The enum constraints are the part that earns its keep. quality_grade can only be one of five values. chakra can only hold valid chakra names. transparency is one of three. Drop those constraints and the model happily invents categories like "semi-translucent" or "near-opaque" that map onto none of Etsy's attribute filters. I know because my early version did exactly that, and my mom's listings quietly stopped showing up under the filters buyers actually use.

The is_dyed boolean exists because my mom insists on honesty, and she is right. The surprise was how good the model is at spotting treated stones from a photo. Dyed agate has a color saturation pattern that natural coloring does not. Heat-treated amethyst sold as citrine has a specific orange-yellow that real citrine never quite hits. I tested it against 50 known-treated and 50 natural stones. It catches the treatment about 80% of the time. Not perfect, but better than a human eyeballing a phone photo.

Marketplace-safe description generation

Healing properties are a minefield. Etsy will flag a listing that makes medical claims ("amethyst cures headaches"), but the same buyers expect metaphysical descriptions and filter by them. You cannot skip it and you cannot overdo it. The prompt tells the model to hedge every healing reference: "traditionally associated with," "believed by crystal practitioners to," "historically used for." The schema cannot enforce that, since it is free text, so I added a post-processing check that rejects anything containing banned phrases:

BANNED = ["cures", "heals", "treats", "medical", "therapy",
          "prescription", "diagnosis", "clinical"]

def validate_description(text: str) -> bool:
    lower = text.lower()
    return not any(word in lower for word in BANNED)
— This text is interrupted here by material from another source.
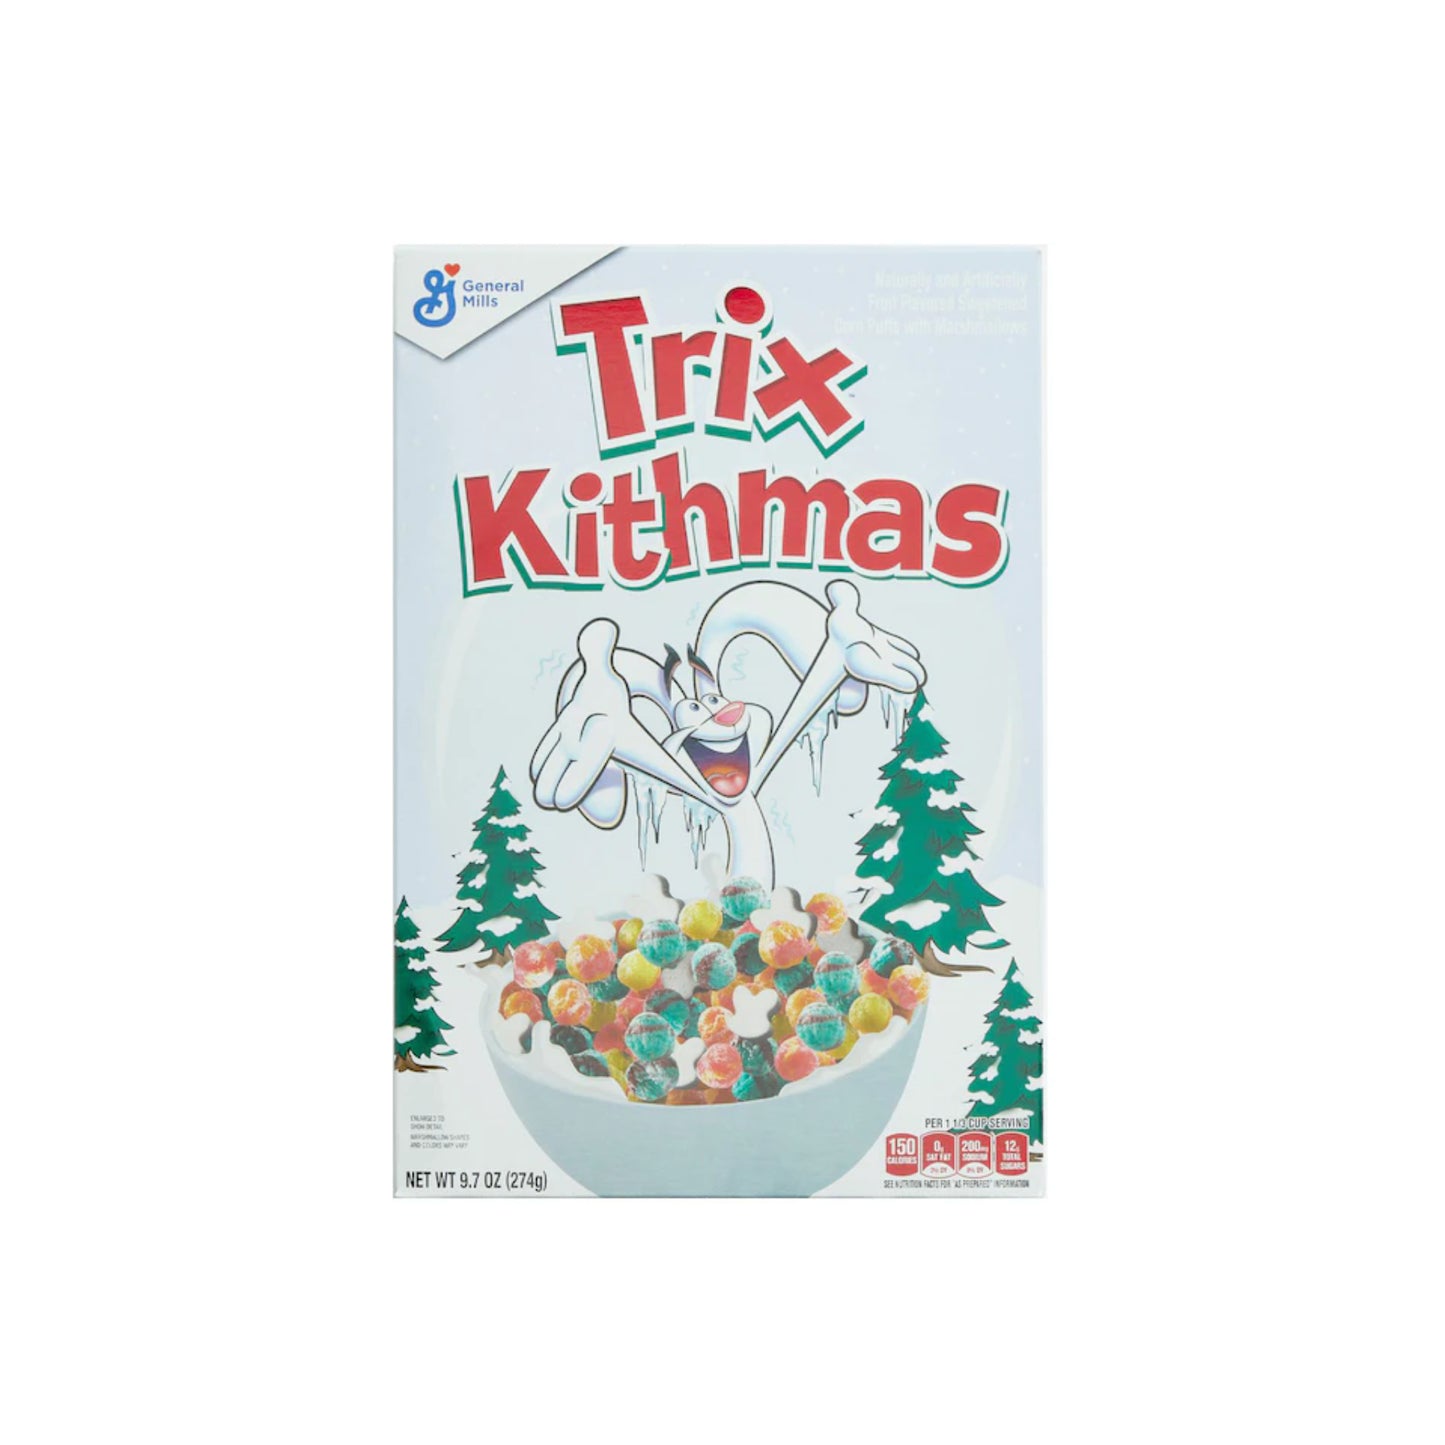 Kith for Trix Kithmas Cereal (Not Fit For Human Consumption)

When validation fails, the tool calls Gemini again with the rejection reason appended to the prompt. In practice that fires about 5% of the time, usually when the model gets too specific about a supposed benefit. The retry almost always clears it.

Image grid generation

The image pipeline is Pillow. Etsy's gallery does best with a set layout: first image is a clean product shot on a neutral background, second is a scale reference (a hand holding the stone), third through fifth are detail angles, sixth is a lifestyle shot. We only start with one photo, so the tool fabricates the rest:

Hero crop: center-crop to 1:1, normalize white balance, bump contrast +10%
Detail crops: four quadrant crops at 2x zoom, each centered on the highest-detail region found via Laplacian variance
Grid composite: arrange the six into a 2x3 grid at 2000x3000 pixels (Etsy's recommended size)
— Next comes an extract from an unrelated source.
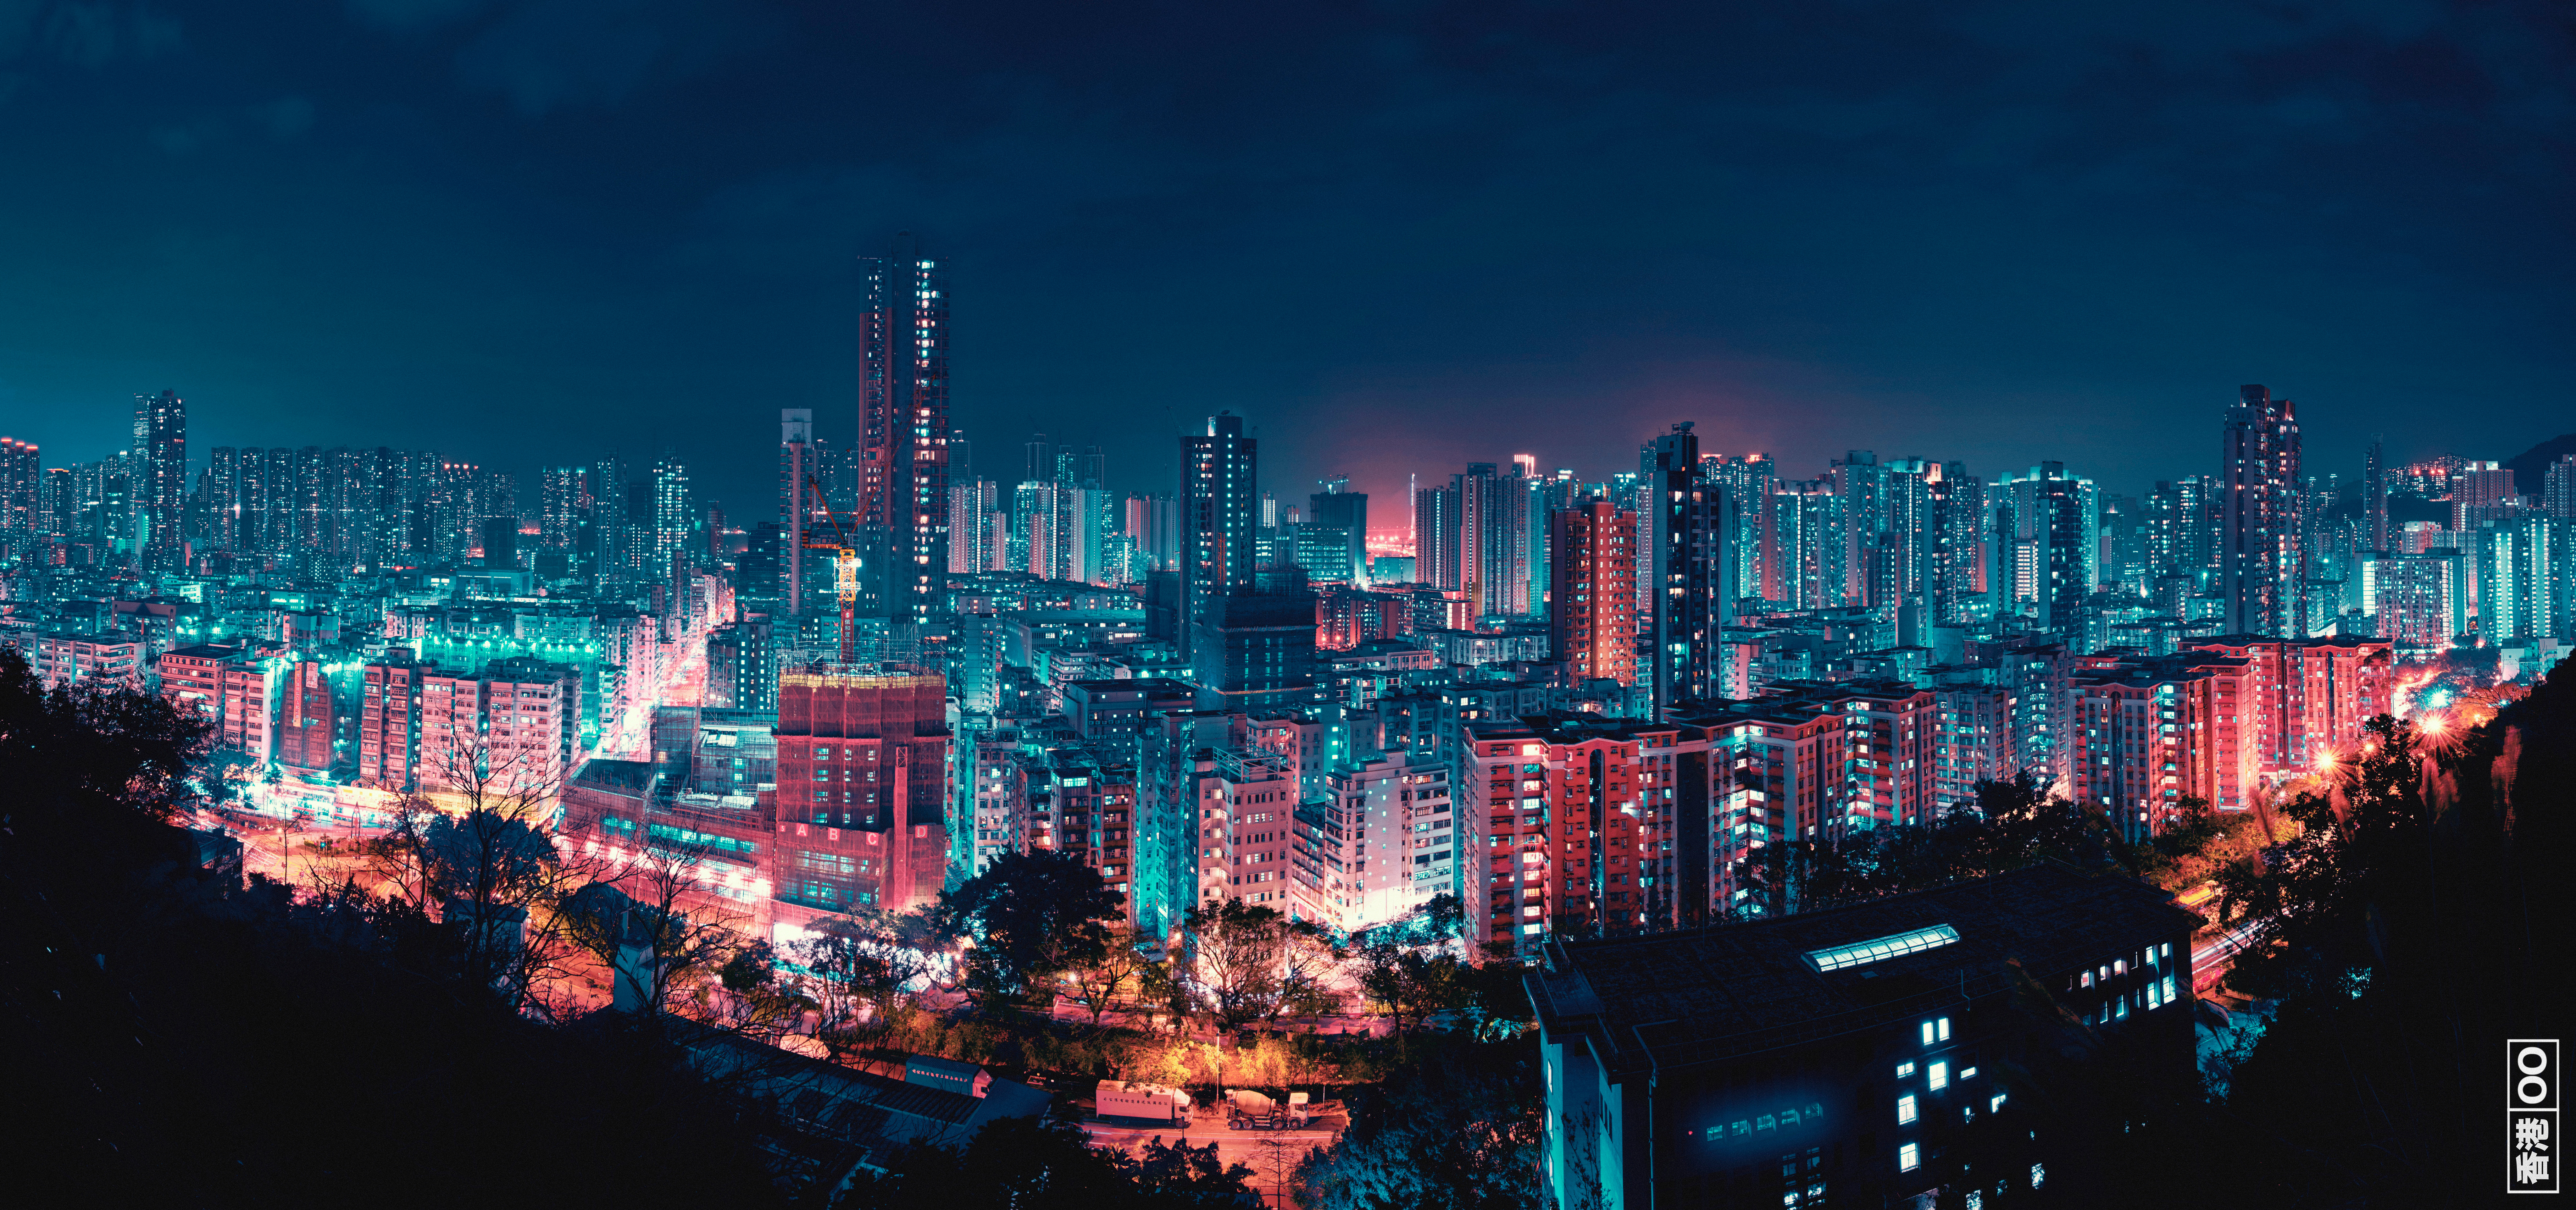 General 8192x3849 wide screen city city lights cityscape nightscape neon night street Hong Kong photography skyscraper building architecture

The detail-region detection is not clever, and I like that it is not. Compute the Laplacian of the grayscale image, threshold it, find connected components, sort by area, crop around the largest ones. It reliably lands on the most textured part of the stone instead of cropping dead center on nothing.
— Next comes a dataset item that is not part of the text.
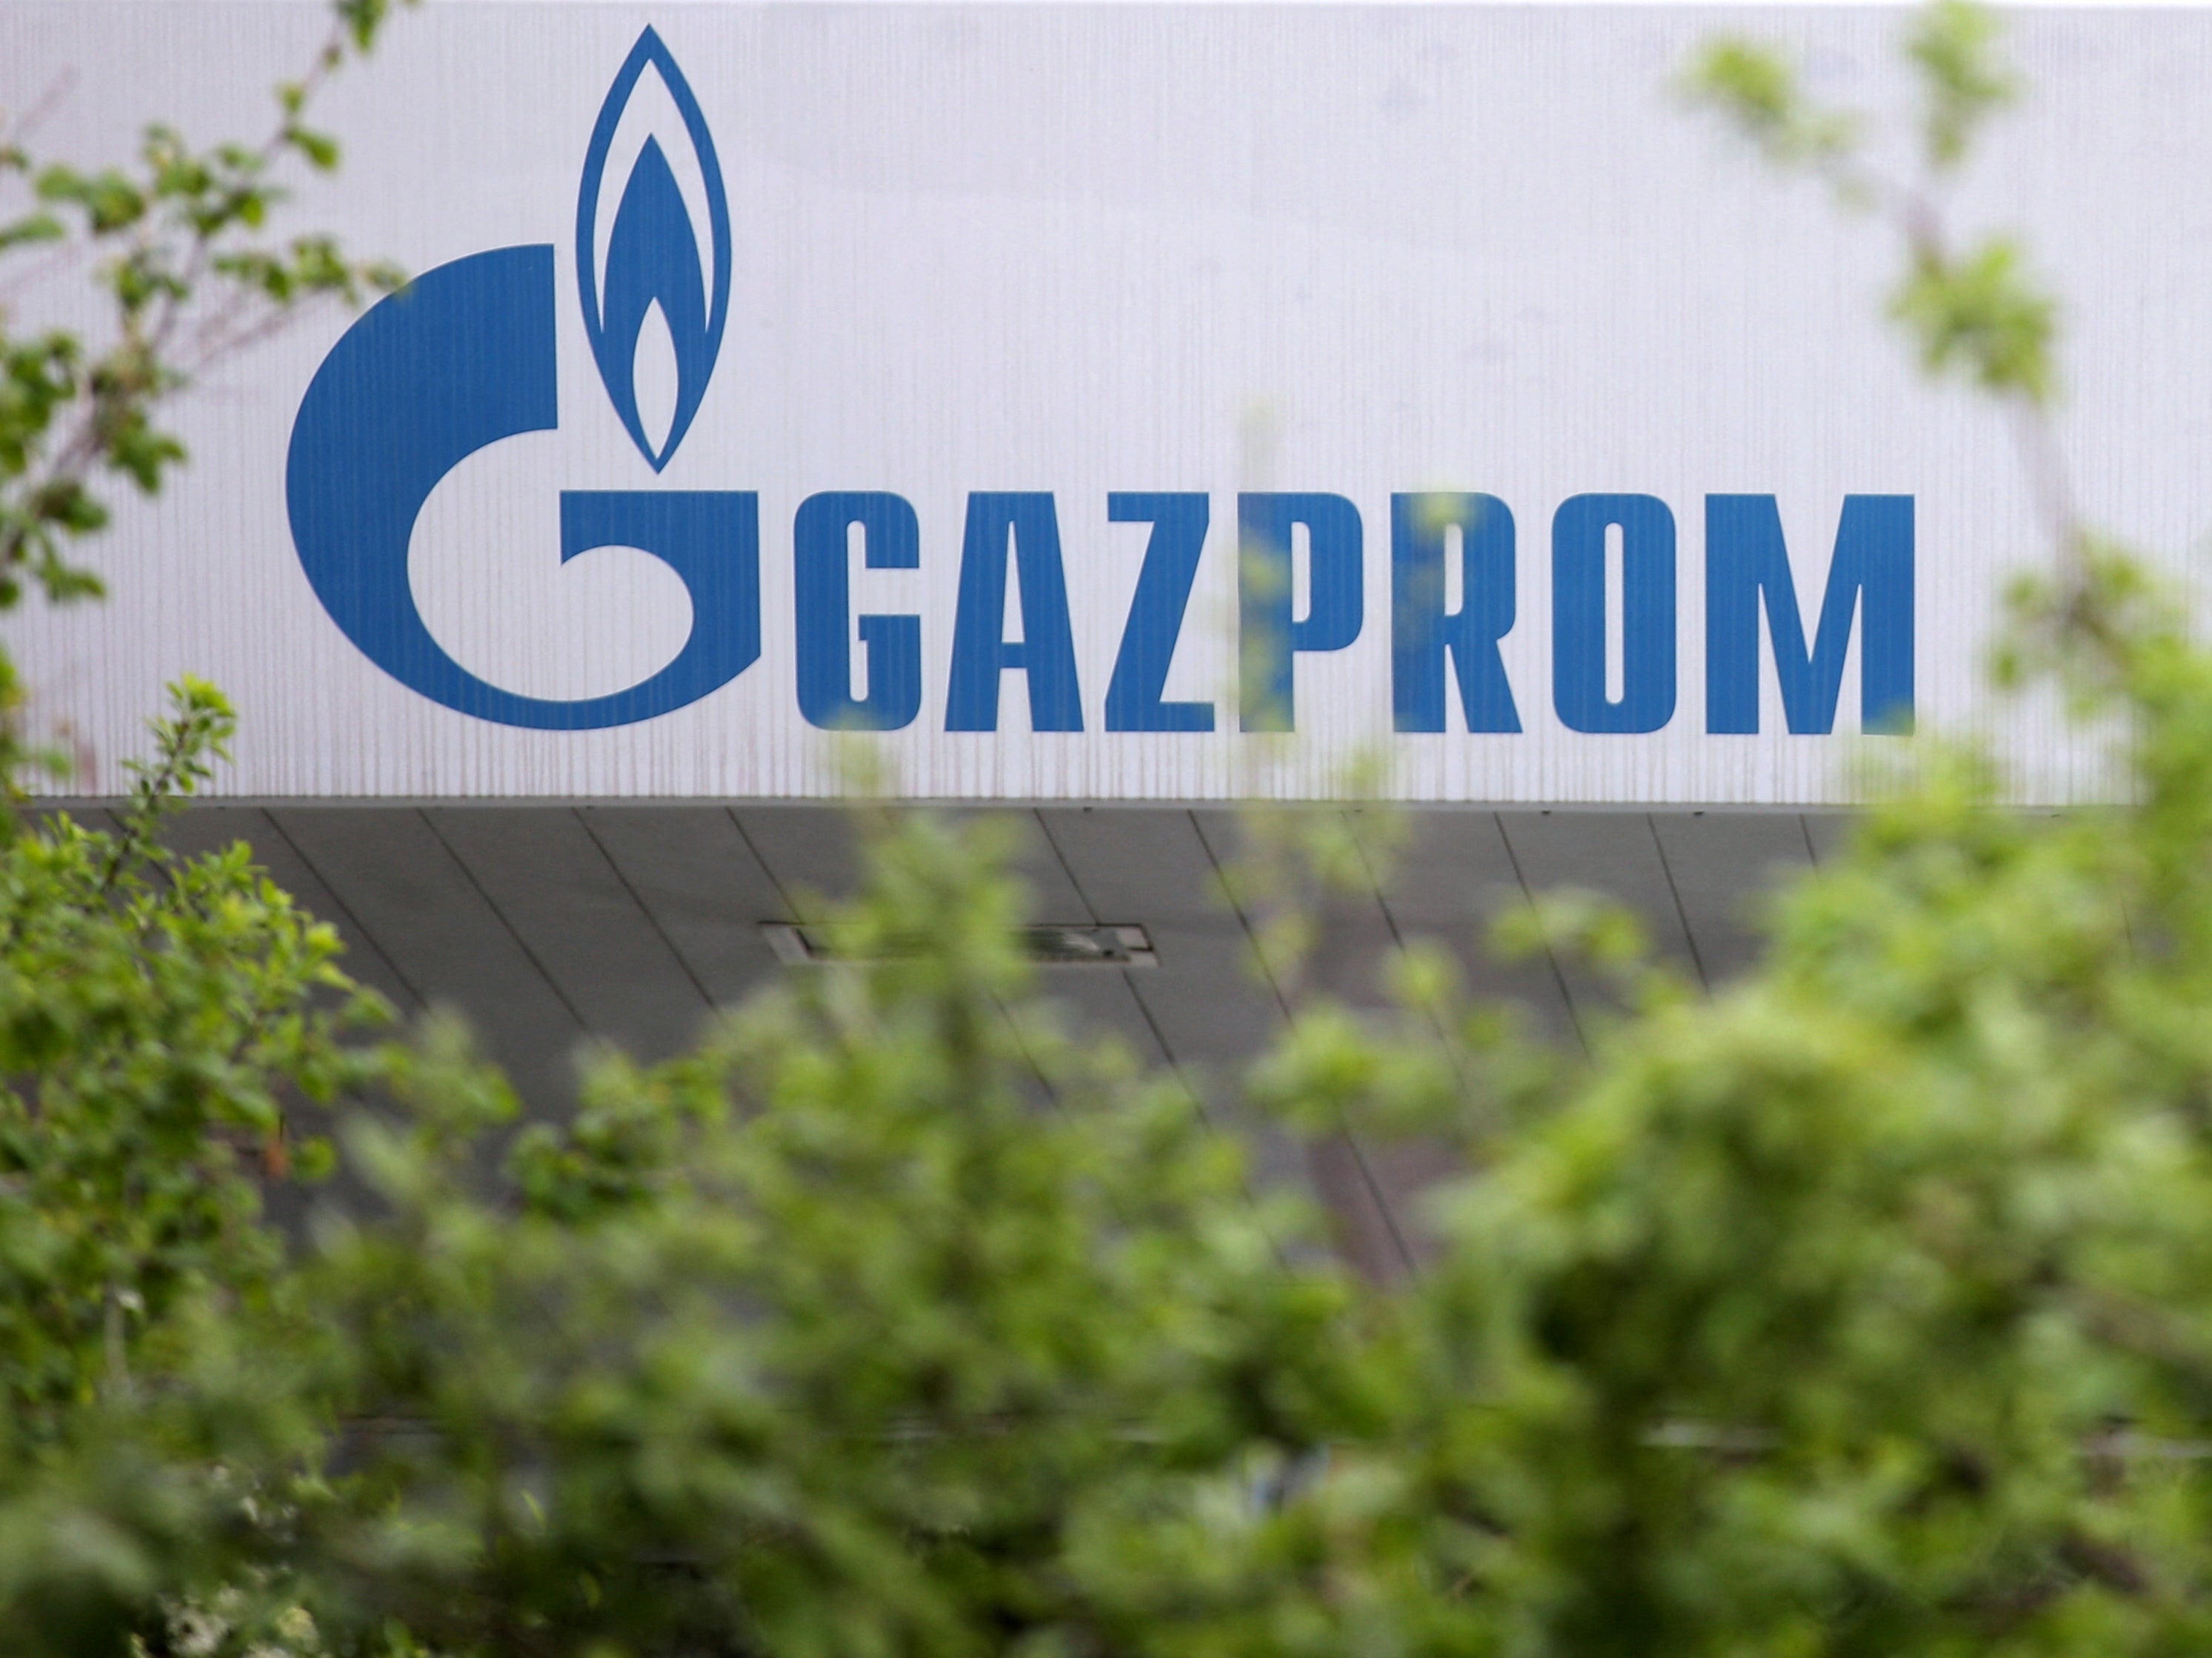 Gazprombank is not subject to sanctions by the EU, and operating in Switzerland is facilitating rouble payments to Russia for gas for EU countries

gray = cv2.cvtColor(np.array(img), cv2.COLOR_RGB2GRAY)
laplacian = cv2.Laplacian(gray, cv2.CV_64F)
variance_map = ndimage.uniform_filter(laplacian**2, size=50)
# Find top-4 peaks in variance map for detail crops

The backgrounds are a neutral off-white (#F5F5F5) on purpose. It makes a real difference in how a small seller's shop reads next to the operations with studio lighting. Buyers judge fast, and a gray-tinged photo loses before they read a word.

Is the code elegant? No. It is a 400-line Python script that calls Vertex AI and writes files to disk. But it took my mom from an hour per stone down to about five minutes, and she never has to open the code to use it. I will take an ugly script that a non-programmer uses every day over an elegant one that only I can run.